Vermont Entrepreneurs Propose New Economic Model for Cannabis
The Vermont Cannabis Collaborative, aided by Colorado law firm Vicente Sederberg and the Marijuana Policy Group, a Denver-based consulting group, has issued a report that proposes an economic model for an adult-use cannabis industry in Vermont that is diverse, egalitarian and craft driven—very Vermont.

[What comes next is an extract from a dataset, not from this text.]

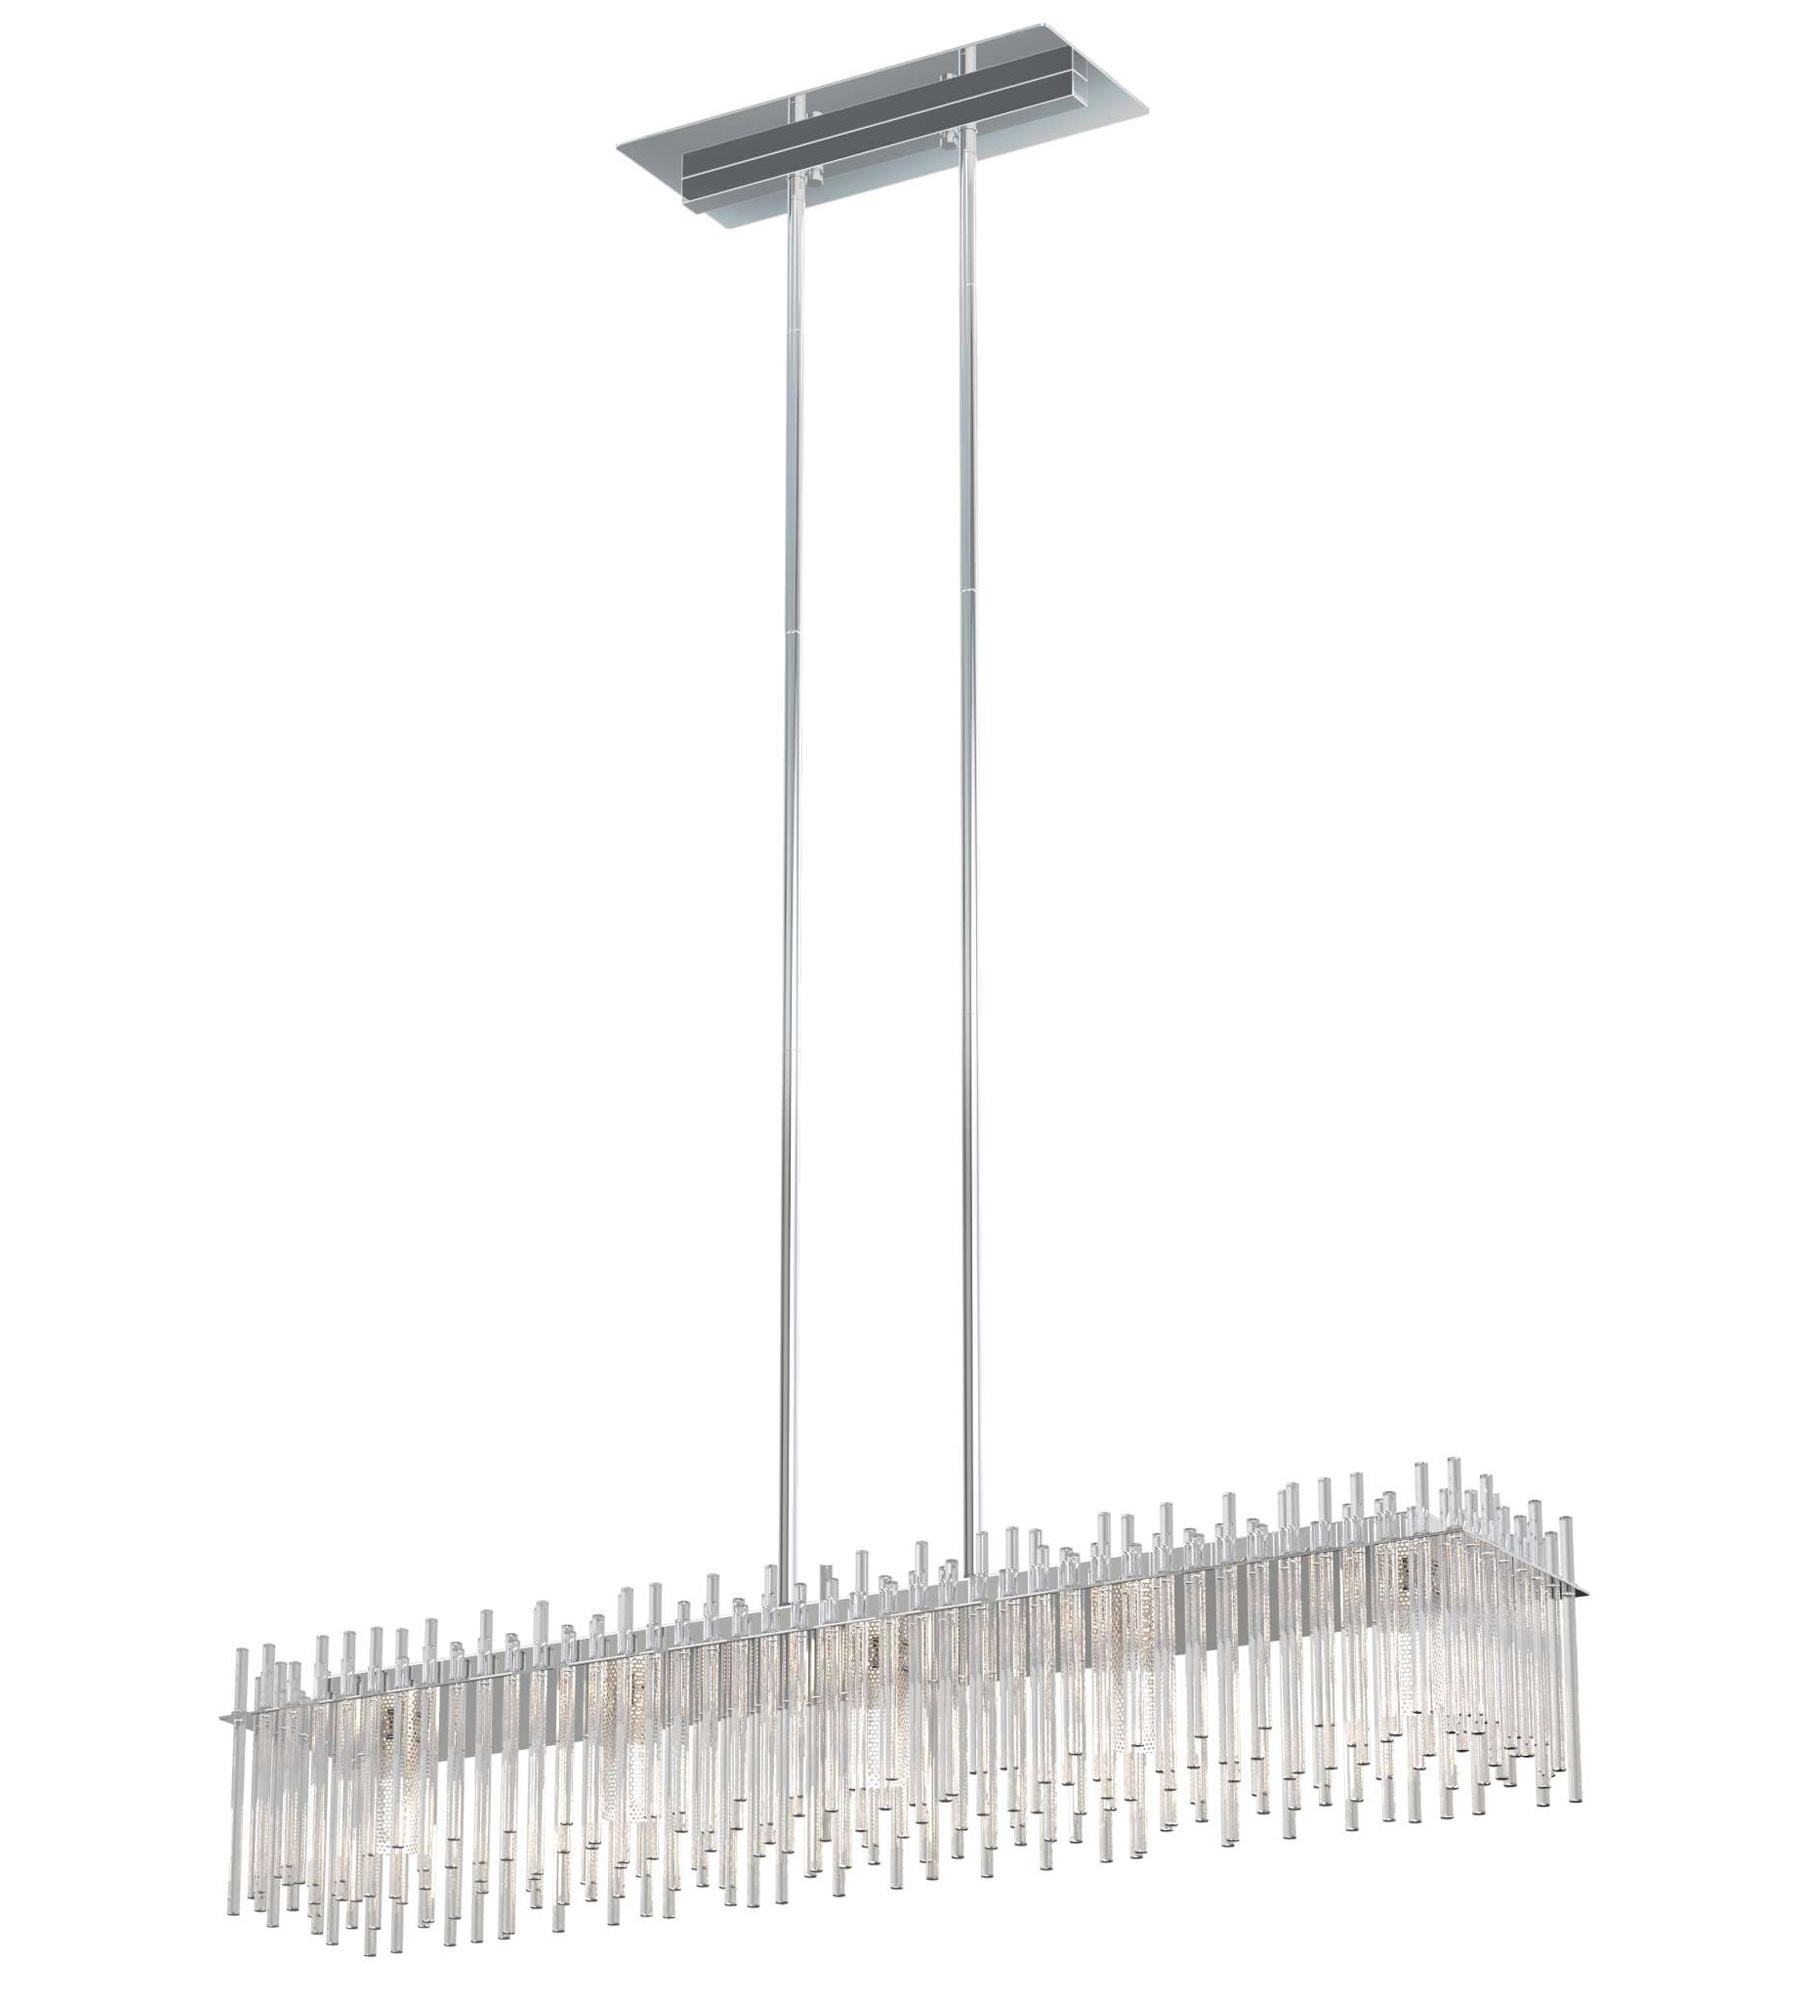 Swizzle Pendant by DVI Lighting | DVP23402-CH-CRY  sc 1 st  Lightology & Pendant by DVI Lighting | DVP23402-CH-CRY azcodes.com

With the highest estimated usage in the nation, Vermont is widely expected to legalize cannabis in 2016, but must do so by action of the state legislature, since the state does not permit ballot initiatives. The report is designed for the legislature’s consideration, but may offer insights for other states on the cusp of full legalization.
The economic model is driven by the existence of eight different kinds of licenses. Home growers of fewer than seven plants for personal consumption would not be licensed or taxed, but enterprises operating above that threshold would be regulated. Existing dispensaries would be the first allowed to apply for either cooperative or industrial licenses.
Craft Grow License: 7-99 Plants
This license category is inspired by the state’s experience with the craft beer industry. The state could issue an unlimited number of craft grow licenses, and growers might also hold other licenses. Craft growers would pay a licensing fee for every 10 plants grown. No tax would be due on cannabis sold in bulk to cooperatives. Growers would use their own facilities, which would be inspected by the co-op if growers were members, but otherwise by the state.
This category, on the other hand, is informed by the state’s experience with the agricultural cooperatives. Co-ops would be for-profit businesses, with profits going back to members. The cooperative license would permit licensees to grow, test and sell on both a wholesale and retail basis, operate a lounge, make infused products and conduct genetic research. The co-ops would collect tax from bulk purchases from growers and from sales to consumers.
The VTCC study envisions that only three licenses would be available statewide.
The study recommends that only four industrial licenses be available.
Industrial licensees would pay a production tax at the point of product testing. As with cooperatives, large industrial growers would be organized as for-profit businesses, preferably benefits corporations with majority Vermont ownership. Like a cooperative license, an industrial license would also permit all other licensed activities. Industrial licensees would pay a production tax at the point of product testing.
The report recommends an unlimited number of testing licenses but makes five quality-control recommendations:
- Laboratories should be certified to the ISO 17025 standard;
- The assessment and accreditation process should be carried out by a third party accreditation body that is itself accredited to the ISO 17011 standard;
- Laboratories should test for cannabinoids, pesticides, microbiology, residual solvents and water activity;
- They should pass rigorous and regular proficiency testing programs; and
- Labs should be managed by a full-time on-site chemist with a PhD in a relevant field or at least eight years of experience specific to analytical chromatography.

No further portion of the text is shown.